In [1]:
import pandas as pd
import numpy as np

# Load cleaned data from previous step
df = pd.read_csv('../data/processed/cleaned_crypto.csv', parse_dates=['date'])
df = df.sort_values('date').reset_index(drop=True)
df.head()


Unnamed: 0,open,high,low,close,volume,marketCap,timestamp,crypto_name,date
0,112.900002,118.800003,107.142998,115.910004,0.0,1288693000.0,2013-05-05T23:59:59.999Z,Bitcoin,2013-05-05
1,3.49313,3.69246,3.34606,3.59089,0.0,62298190.0,2013-05-05T23:59:59.999Z,Litecoin,2013-05-05
2,115.980003,124.663002,106.639999,112.300003,0.0,1249023000.0,2013-05-06T23:59:59.999Z,Bitcoin,2013-05-06
3,3.59422,3.78102,3.11602,3.37125,0.0,58594360.0,2013-05-06T23:59:59.999Z,Litecoin,2013-05-06
4,112.25,113.444,97.699997,111.5,0.0,1240594000.0,2013-05-07T23:59:59.999Z,Bitcoin,2013-05-07


In [2]:
# 1. Daily log return
df['log_return'] = np.log(df['close'] / df['close'].shift(1))


In [3]:
# 2. Rolling volatility (past variation)
df['volatility_7d'] = df['log_return'].rolling(window=7).std()
df['volatility_21d'] = df['log_return'].rolling(window=21).std()

In [4]:
# 3. Moving averages
df['ma_7'] = df['close'].rolling(window=7).mean()
df['ma_21'] = df['close'].rolling(window=21).mean()


In [5]:
# 4. Volume ratio (relative activity)
df['vol_ratio'] = df['volume'] / df['volume'].rolling(window=7).mean()

In [6]:
# 5. Target variable (next week’s volatility)
df['target_vol_7d'] = df['volatility_7d'].shift(-7)


In [7]:
# 6. Drop missing rows caused by rolling & shifting
df.dropna(inplace=True)
df.head()

Unnamed: 0,open,high,low,close,volume,marketCap,timestamp,crypto_name,date,log_return,volatility_7d,volatility_21d,ma_7,ma_21,vol_ratio,target_vol_7d
629,763.280029,777.51001,713.599976,735.070007,46862700.0,8955395000.0,2013-12-27T23:59:59.999Z,Bitcoin,2013-12-27,-0.035955,8.901689,8.581779,314.866248,201.611326,7.0,7.884601
630,24.806601,25.2691,22.263599,23.272301,31112200.0,566088000.0,2013-12-27T23:59:59.999Z,Litecoin,2013-12-27,-3.452702,8.9019,8.627728,220.732288,202.719516,2.793019,8.783791
631,0.000603,0.000628,0.000497,0.000522,477422.0,8016604.0,2013-12-27T23:59:59.999Z,Dogecoin,2013-12-27,-10.705298,8.970098,8.618737,220.729214,201.916912,0.042599,7.954442
632,0.024426,0.027123,0.023527,0.027076,148422.0,211674100.0,2013-12-27T23:59:59.999Z,XRP,2013-12-27,3.948912,9.131993,8.550137,220.729598,201.917168,0.013218,8.223179
633,0.027554,0.028106,0.026629,0.027303,143404.0,213453400.0,2013-12-28T23:59:59.999Z,XRP,2013-12-28,0.008371,8.619843,8.222379,217.196827,172.528944,0.012748,8.258219


In [8]:
df[['date', 'close', 'log_return', 'volatility_7d', 'ma_7', 'target_vol_7d']].head(10)
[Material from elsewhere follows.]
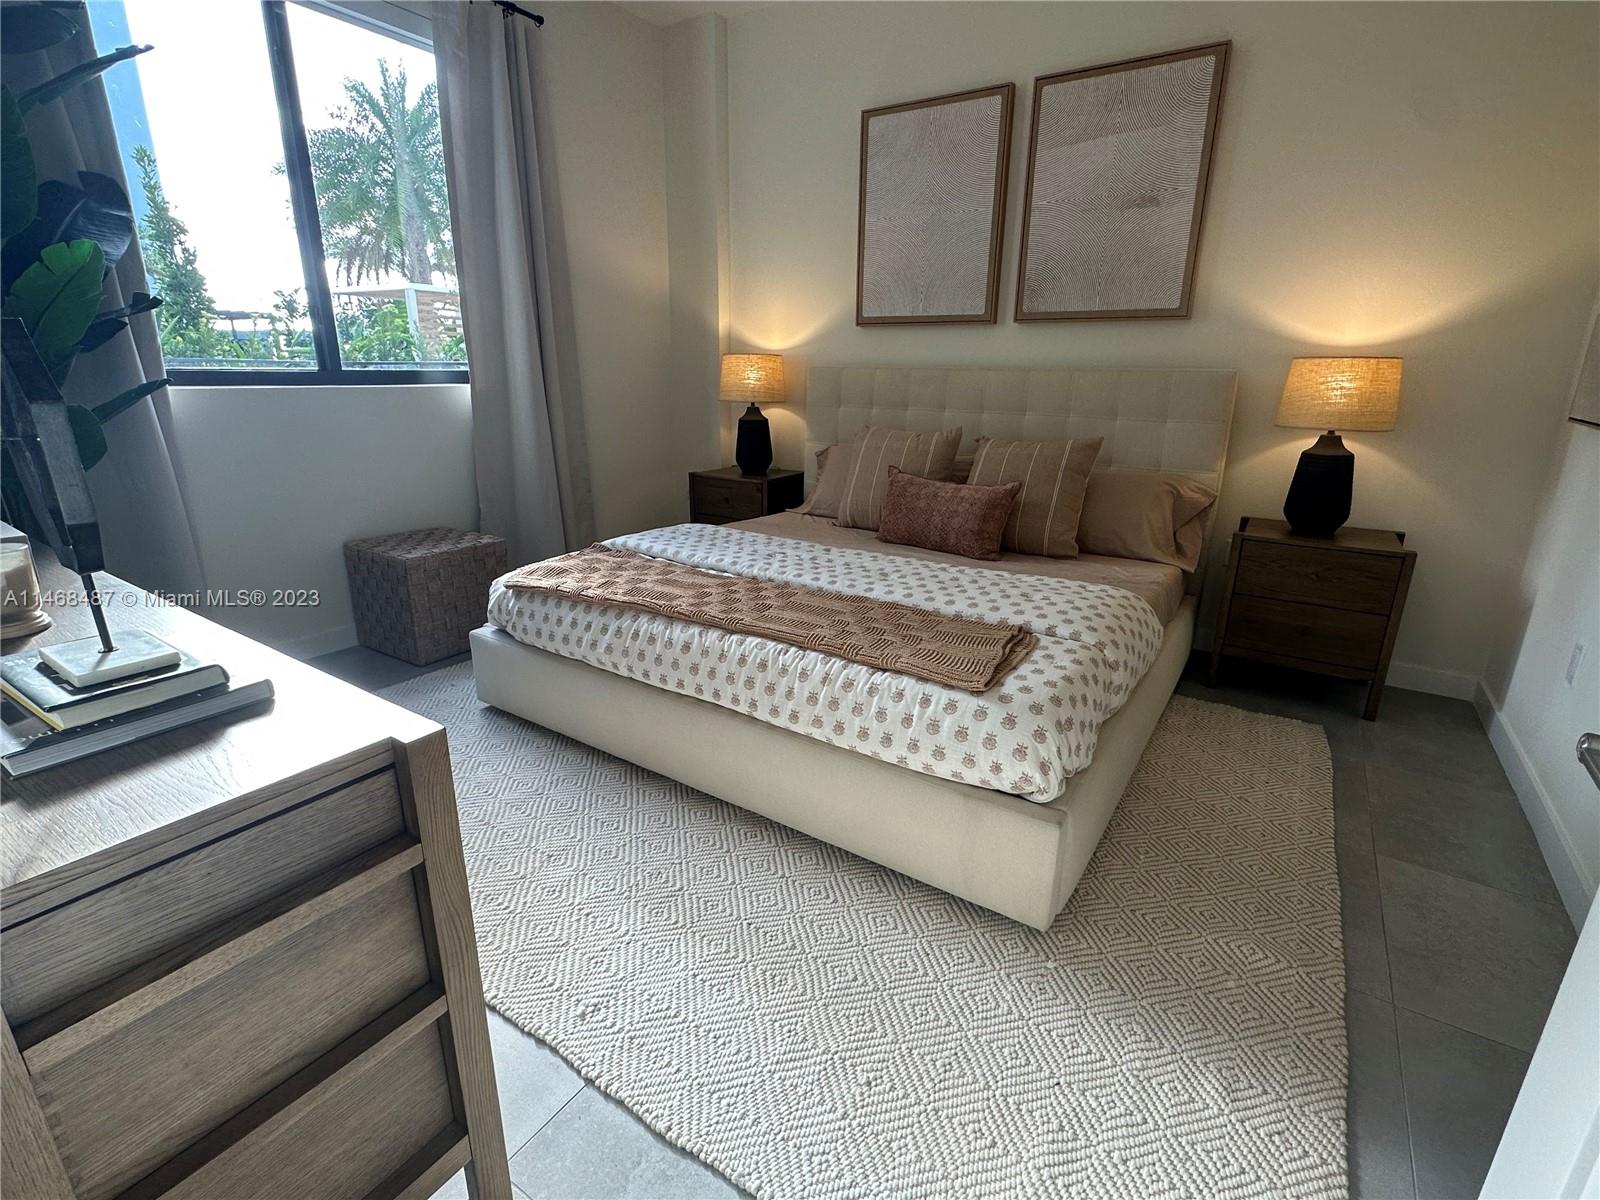 16395 Biscayne Blvd 1110, North Miami Beach, Florida 33160, 3 Bedrooms Bedrooms, ,2 BathroomsBathrooms,Residentiallease,For Rent,16395 Biscayne Blvd 1110,A11468487

Unnamed: 0,date,close,log_return,volatility_7d,ma_7,target_vol_7d
629,2013-12-27,735.070007,-0.035955,8.901689,314.866248,7.884601
630,2013-12-27,23.272301,-3.452702,8.9019,220.732288,8.783791
631,2013-12-27,0.000522,-10.705298,8.970098,220.729214,7.954442
632,2013-12-27,0.027076,3.948912,9.131993,220.729598,8.223179
633,2013-12-28,0.027303,0.008371,8.619843,217.196827,8.258219
634,2013-12-28,0.000459,-4.086727,7.705493,217.196807,9.212422
635,2013-12-28,727.830017,14.277546,7.77463,212.318241,7.661536
636,2013-12-28,22.5627,-3.473769,7.884601,110.531482,7.657348
637,2013-12-29,0.000454,-10.812655,8.783791,107.206933,8.606216
638,2013-12-29,0.027218,4.092465,7.954442,107.210747,9.500548


In [9]:
df.to_csv('../data/processed/features_crypto.csv', index=False)
print("✅ Feature-engineered data saved successfully!")


✅ Feature-engineered data saved successfully!